Много лет назад, когда я был более жизнерадостным, а до душераздирающей гибели двух мух Поллак дело еще не дошло (и, следовательно, эта гибель еще не могла служить мне напоминанием, что перед лицом судьбы нужно держаться спокойнее), в это-то время я после всяческих сомнений наконец собрался с духом и приобрел трость. Чтобы искать приключений. Без трости это невозможно. Ведь и рыцарь не мог бы сражаться за свою деву с великанами, карликами и драконами без легкого щита или же с седлом, которое еще не имеет имени.
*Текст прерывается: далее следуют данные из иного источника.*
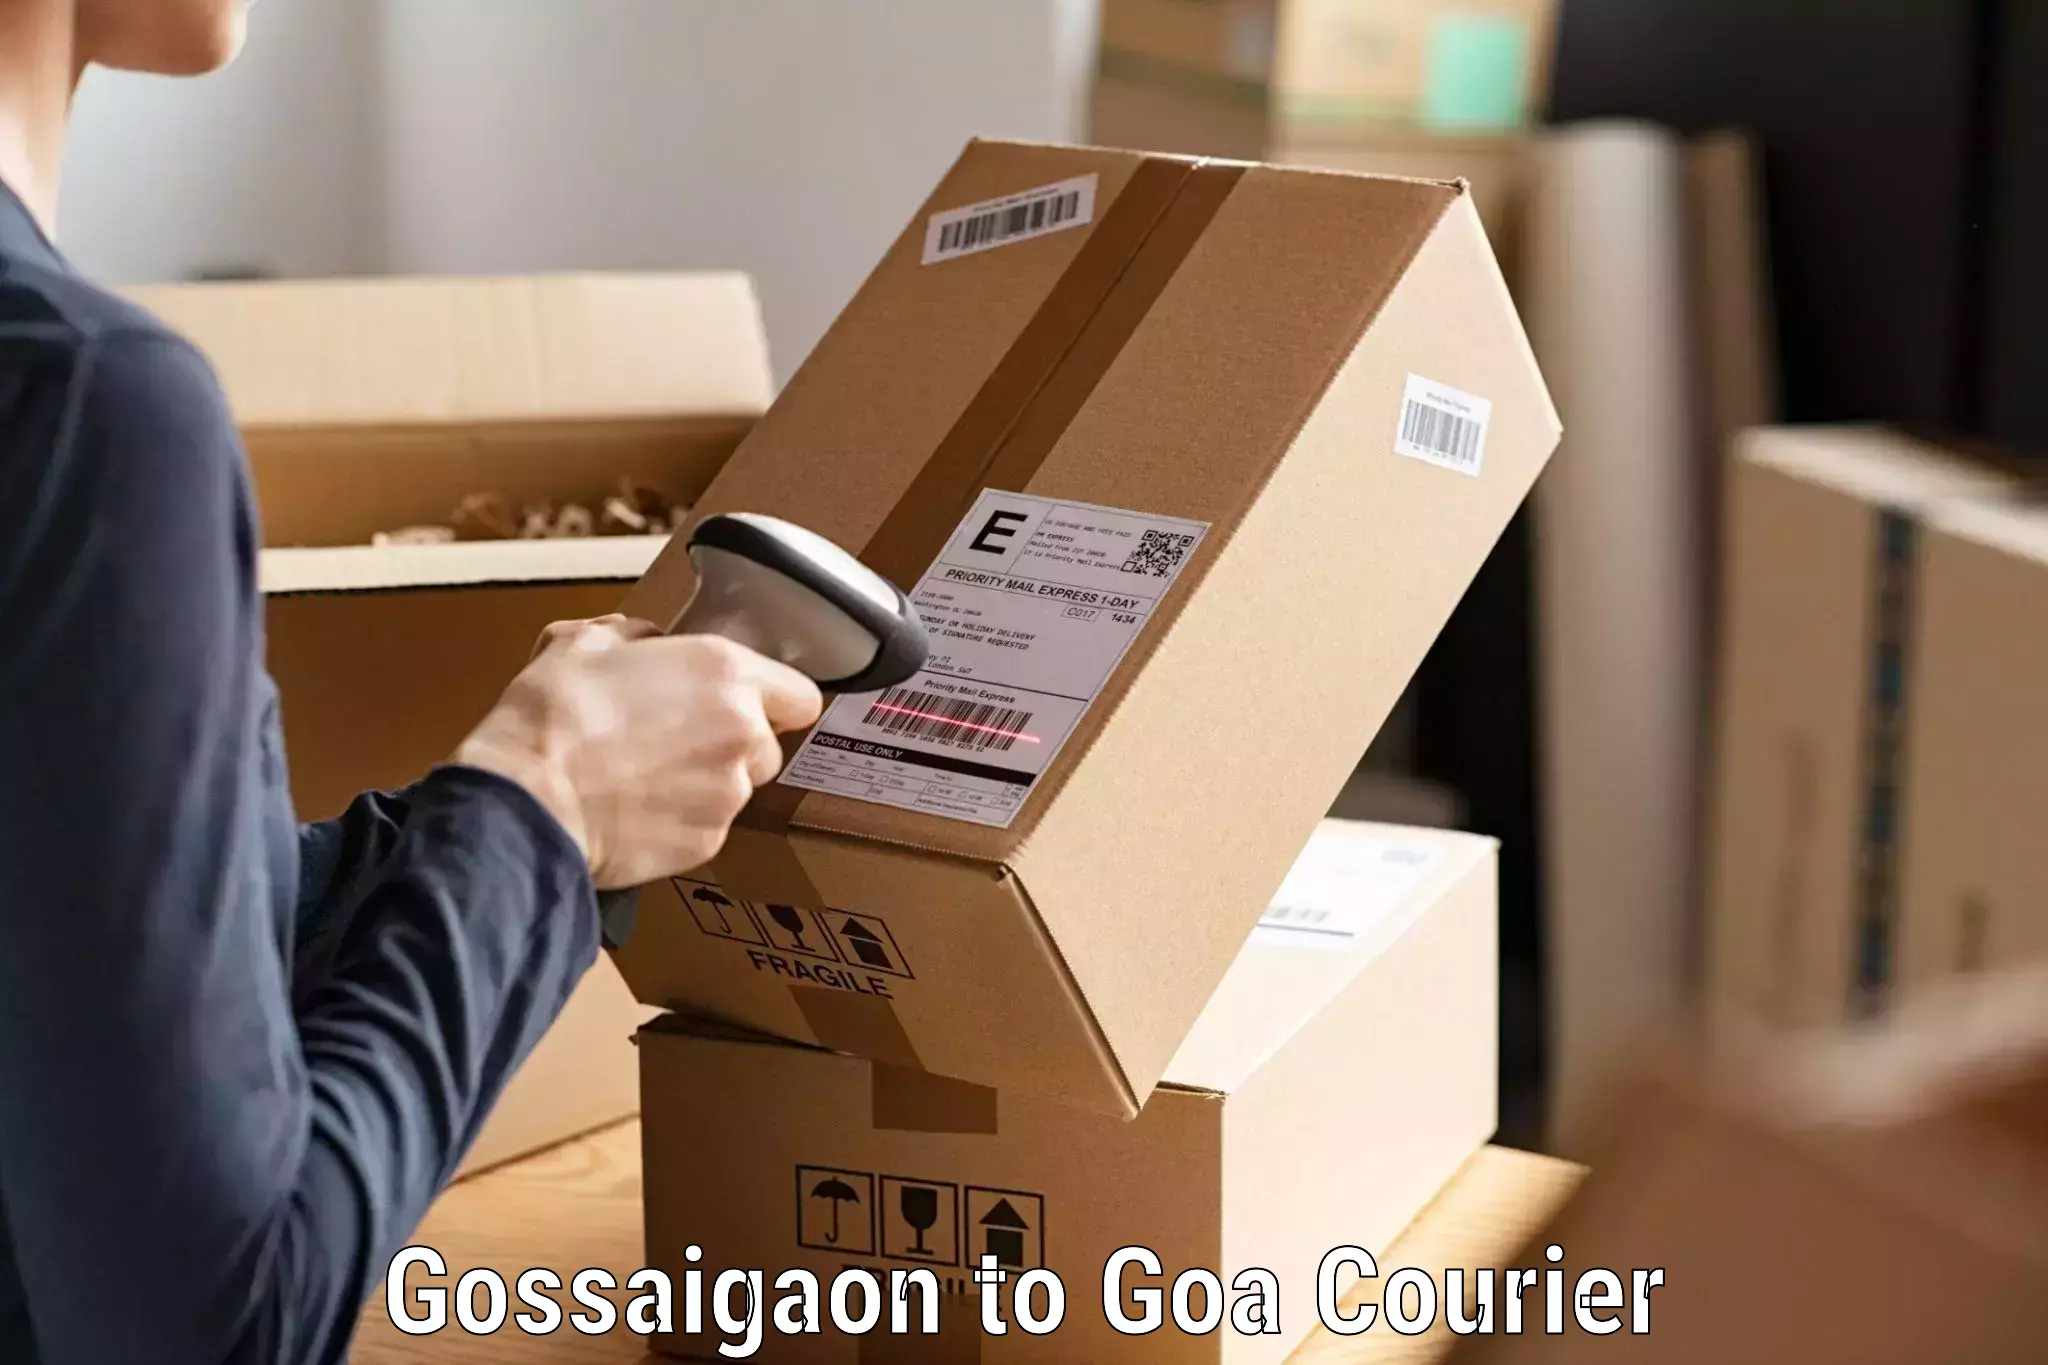 Custom courier packages Gossaigaon to Vasco da Gama

Однажды воскресным днем я – в первый и последний раз – завязал галстук с той тщательностью, с какой, если мне позволят такое сравнение, пророки, должно быть, некогда препоясывали свои чресла, и на трамвае выехал в Зифринг[37]. Немалое наслаждение – мчаться мимо остановок, в то время как другие вынуждены оцепенело на них стоять. На Бильротштрассе, к сожалению, в вагон вошел один мой дальний знакомый, сноб до мозга костей, из кармана у него горделиво торчал томик Бальзака. Я в шутку сказал, что зря он таскает на лоно природы книги в тяжелых переплетах, да к тому же такие, которые вскоре будет таскать каждый кому не лень. Обратил его внимание и на то, что пропагандировать такую литературу – не самое достойное дело для модерниста. Он же, неправильно истолковав мое намерение, втянул меня в нескончаемый разговор. О конце Бальзака; о том, как Жорж Санд, по слухам, обманывала Мюссе, а Фридерика[38] – Гёте; и – ах! идиллия Зезенгейма! – как эта дочка священника, само собой, в конце концов родила от какого-то теолога – если, конечно, отцом ребенка не был Ленц или кто-то из французских погран-офицеров… Поэзия и правда![39]Мы говорили о женщинах, о том, что всякое одаренное разумом или фантазией существо, будь то мужского или женского пола, ревниво уже само по себе, а сверх того, неизбежно страдает от ревности, унаследованной от животных предков… Перескакивали с пятого на десятое, и только тогда, когда было уже слишком поздно, когда лес обступил нас, этот злополучный субъект открыл рот, дабы сообщить мне, что я-де пропустил самое важное. В трамвае, мол, к моим шуточкам прислушивалась одна элегантная барышня, все время глаз с меня не спускала, а потом, уже в лесу, за нами увязалась еще одна красивая штучка, но, так и не найдя приличного повода заговорить со мной, отстала от нас. Я рассуждал о женщинах – пока в двух шагах от меня смеющаяся, покачивающая бедрами и пританцовывающая, роскошная в своем цветении жизнь не развернулась и не побрела прочь!.. И словно этого мало: когда на узкой тропе мы хотели пропустить встречную любовную парочку, дама наступила на трость, которую я элегически волочил за собою; трость сломалась – явное предупреждение свыше, что тропу, на которую мы едва ступили, необходимо тотчас покинуть… На лугу же недалеко оттуда какая-то шестнадцатилетняя фройляйн, сопровождаемая мамашей, не придумала ничего лучше, как рвать осенний безвременник. Я последовал ее примеру…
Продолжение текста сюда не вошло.